Here the job is to transcribe the data verbatim while leaving each picture out.
*** Opening GIVEN INFORMATION ***
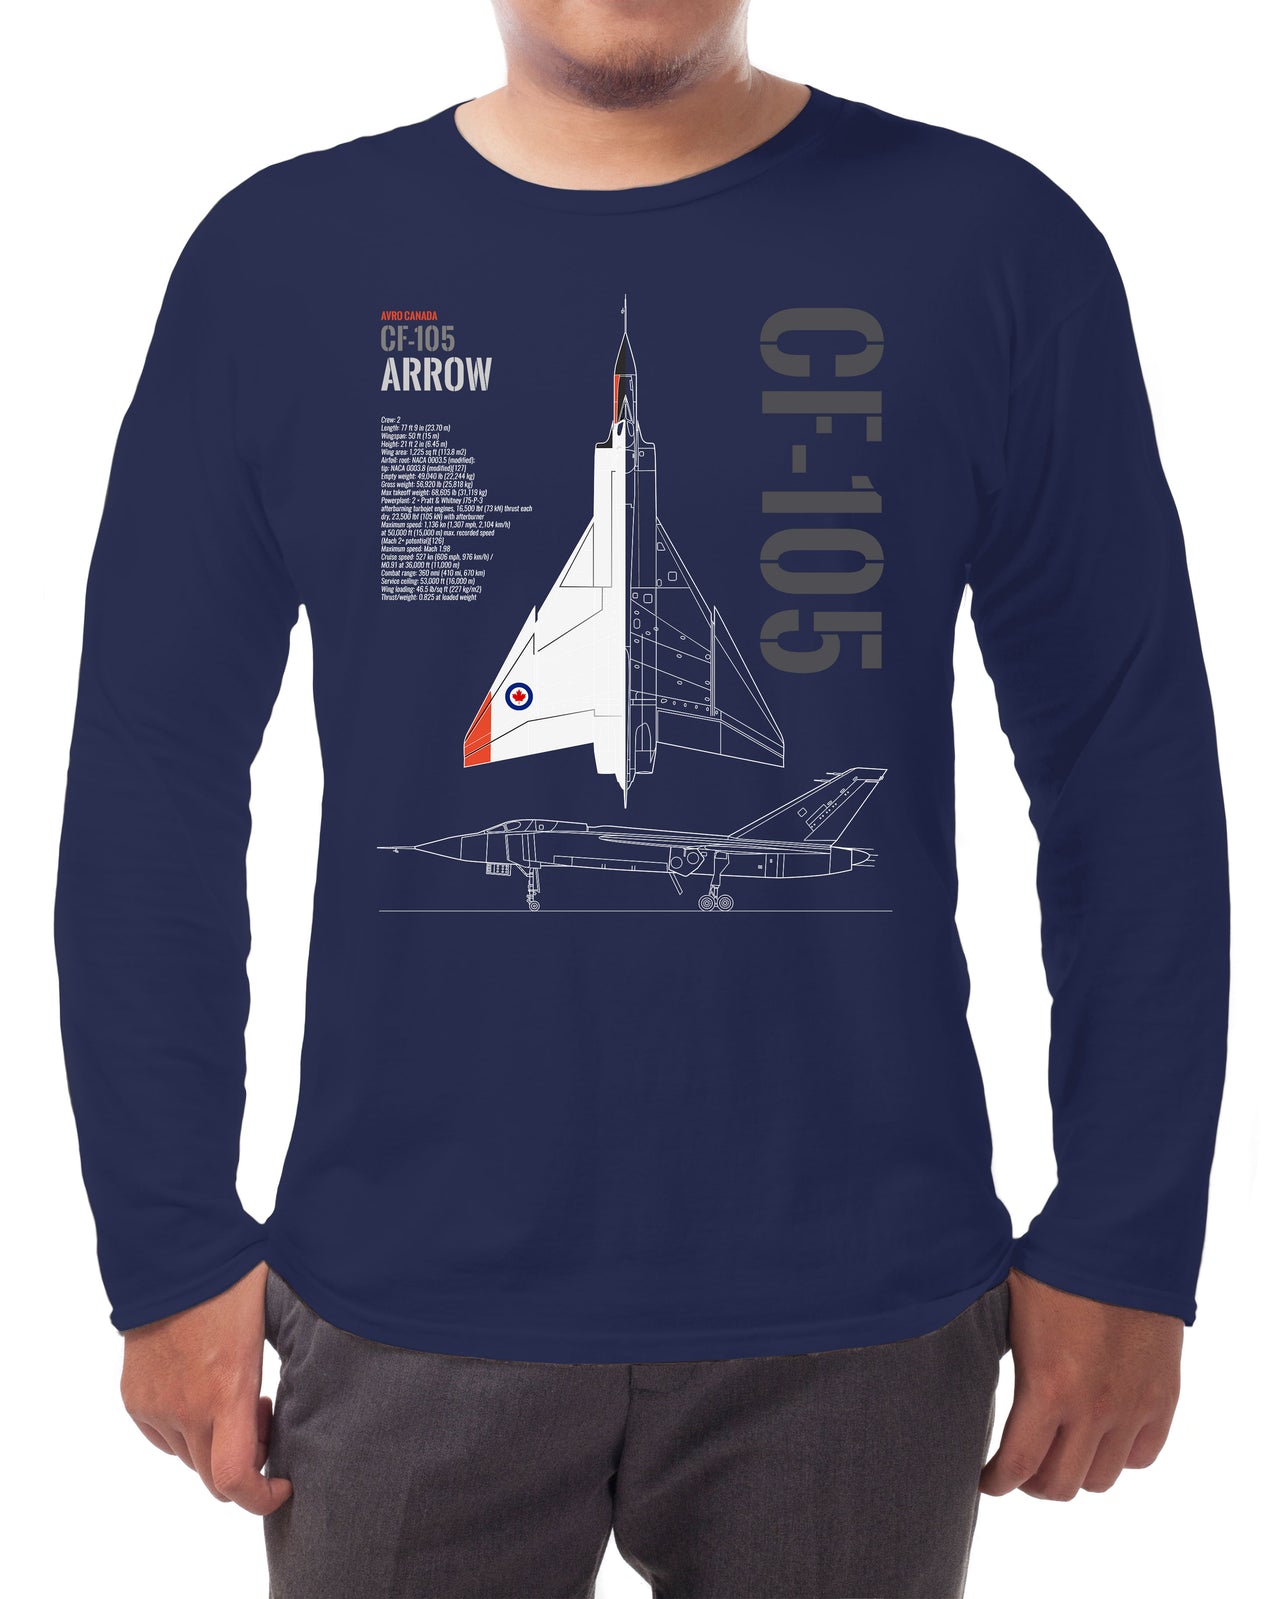 Avro Arrow - Long-sleeve T-shirt
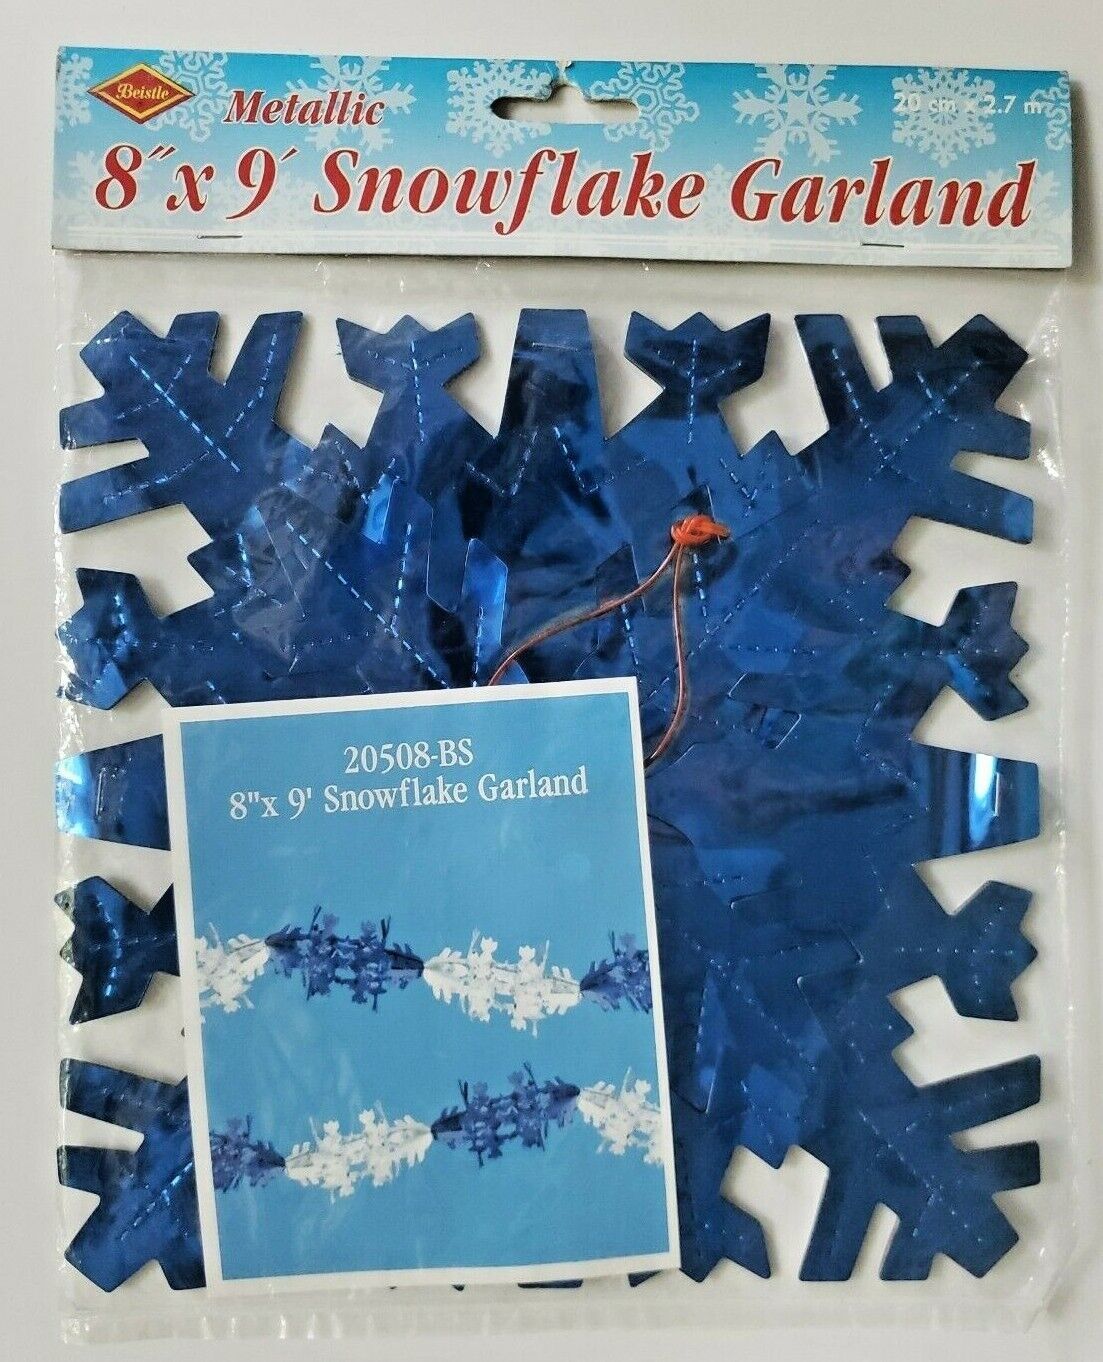 1990's Beistle Metallic Snowflake Garland 8"x9' New In Packaging - $12.99
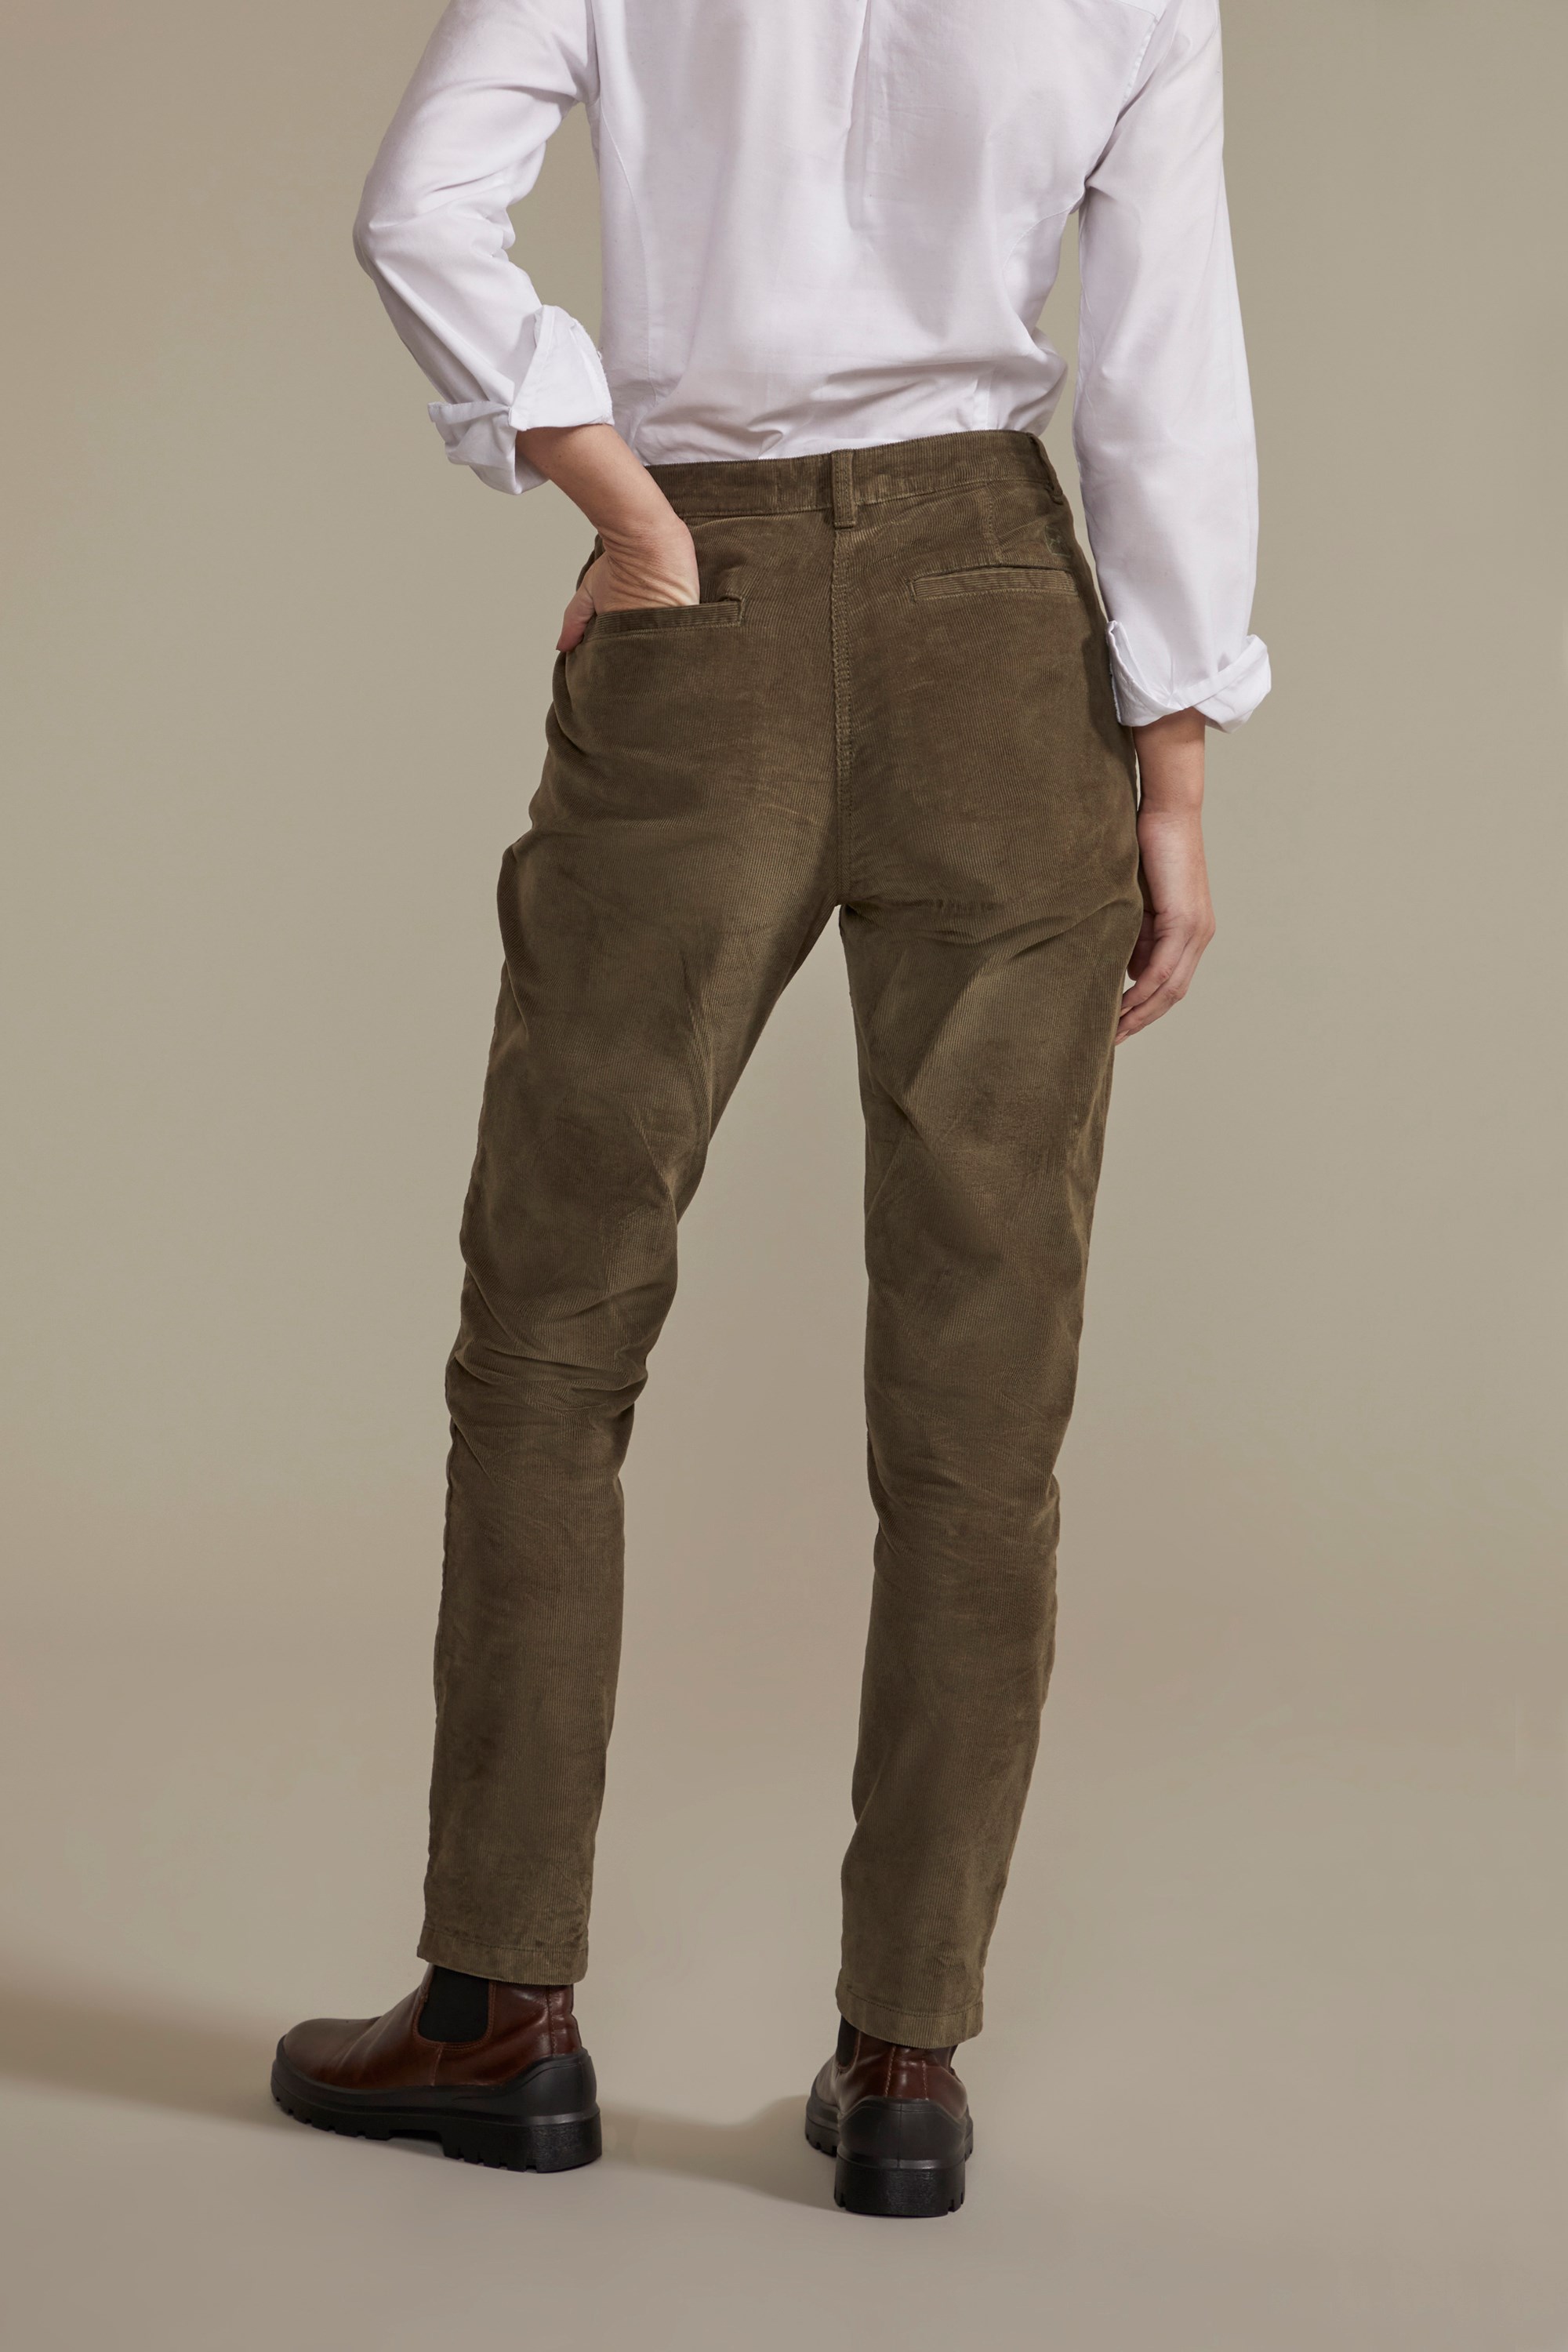 Brown Corduroy trousers  BU  Custom Clothing for Men and Women
*** Closing GIVEN INFORMATION ***
EXERCISE OUTPUT
 Avro Arrow - Long-sleeve T-shirt
 1990's Beistle Metallic Snowflake Garland 8"x9' New In Packaging - $12.99
 Brown Corduroy trousers  BU  Custom Clothing for Men and Women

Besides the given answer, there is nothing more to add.